Fue necesaria la descomposición completa de la LC23, el aplastamiento de la guerrilla rural y la rectificación iniciada por algunos guerrilleros presos, para comenzar a reflexionar sobre la significación de la violencia en una perspectiva más general de transformaciones democráticas.
Sin embargo, la ambigedad originaria permaneció. La represión brutal contra el movimiento armado puso en el primer plano la defensa de los presos y la presentación de los desaparecidos. Sobran los testimonios aterradores sobre la infinita impunidad de los cuerpos de seguridad en nuestra nunca aclarada guerra sucia, pero no hubo jamás un examen sobre el significado de la lucha armada para el país y, sobre todo, para la izquierda que buscaba nuevas alternativas. A fines de los años 70, nadie parece interesado en mirar hacia atrás: la reforma política da la vuelta a la hoja, se cierra el libro. La amnistía ahora sí es total. A ciencia cierta, tampoco supimos qué había pasado y nos conformamos con las mismas generalidades de siempre sobre la injusticia y la represión como causas genéricas y universales del movimiento armado. Ignorábamos lo que de verdad importaba: indagar sobre sus orígenes, saber con exactitud a qué preguntas existenciales o no, respondían, en fin, quiénes eran, de dónde venían, a qué clima moral y cultural se debían estos nuevos y arcaicos guerreros de los años 70 mexicanos.

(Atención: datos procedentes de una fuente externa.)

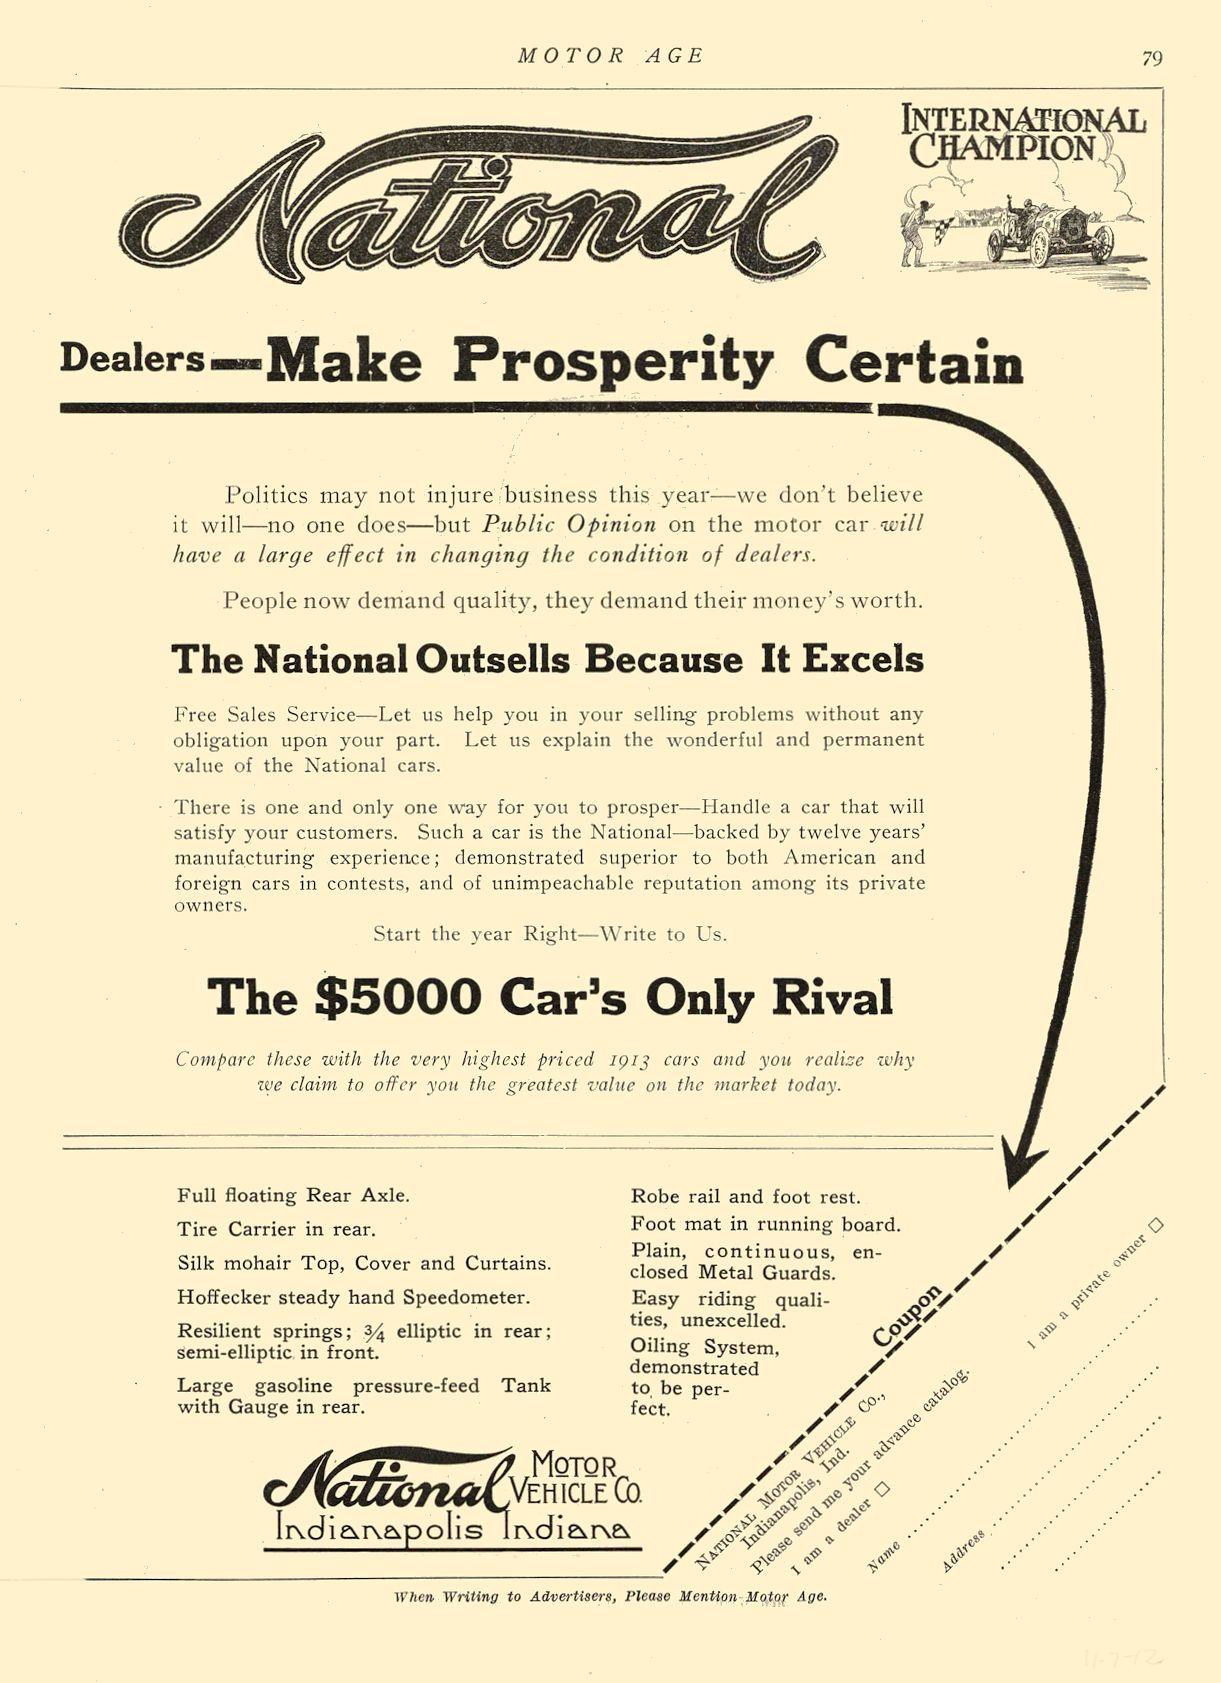 1912 11 7 NATIONAL National INTERNATIONAL CHAMPION Dealers—Make Prosperity Certain National MOTOR VEHICLE CO. Indianapolis, IND MOTOR AGE November 7, 1912 8.25″x12″ page 79

Gustavo Hirales se ha propuesto contarnos esa historia (cuyas líneas generales, más explicativas, digamos, dejó bien establecidas en un texto esclarecedor, publicado hace ya quince años) mediante un testimonio novelado: Memoria de la guerra de los justos. En el, Hirales libra la batalla contra el olvido, contra las espectrales imágenes de una época que ya a nadie parece importarle. Hurga en los resortes morales y psicológicos, los valores que llevan a un grupo de jóvenes comunistas provincianos a revertir la derrota del 68 en un relámpago revolucionario. En ese sentido, es una historia sobre la utopía y la desesperanza, pero es también, el recuento personal de un drama moderno: la desilusión del mito de la violencia como un fuego redentor, supremo, necesario. Escrito en parte como una autobiografía novelada, como un relato confesional, como un reportaje, la Memoria es un texto irremediablemente egocéntrico, vibrante, dibujado con la concisión del periodismo y la energía del militante. Hirales describe, relata, ironiza, para constatar vida y milagros de por medio, locura y represión, cómo es que los fines más altos se enajenan a los medios; como éstos sucumben sin remedio aparente ante las miserias de la condición humana, el instinto acorralado, la desesperación. La Memoria es el registro de la ruptura interior que acompaña y sucede al derrumbe del Mito, a la desintegración política y moral de la Orga, al descubrimiento terrible de que bajo la utopía del hombre nuevo también florecen la irracionalidad y la muerte.
Hirales nos cuenta esa historia, que es doblemente secreta porque es íntima y clandestina, para establecer la premisa que da sentido a la tragedia: mostrar de qué modo ''la clara superioridad moral'' (``sobre la masa de mediocres y arribistas que aquí, allá y en todas partes, se disponían a venderse'') de la guerrilla se convierte ``en un baño de sangre, mierda y locura terrorista'', que ninguna represión puede hacer expiar.
Libro necesario, imprescindible, doloroso, esta Memoria de la guerra de los justos no caerá en el olvido.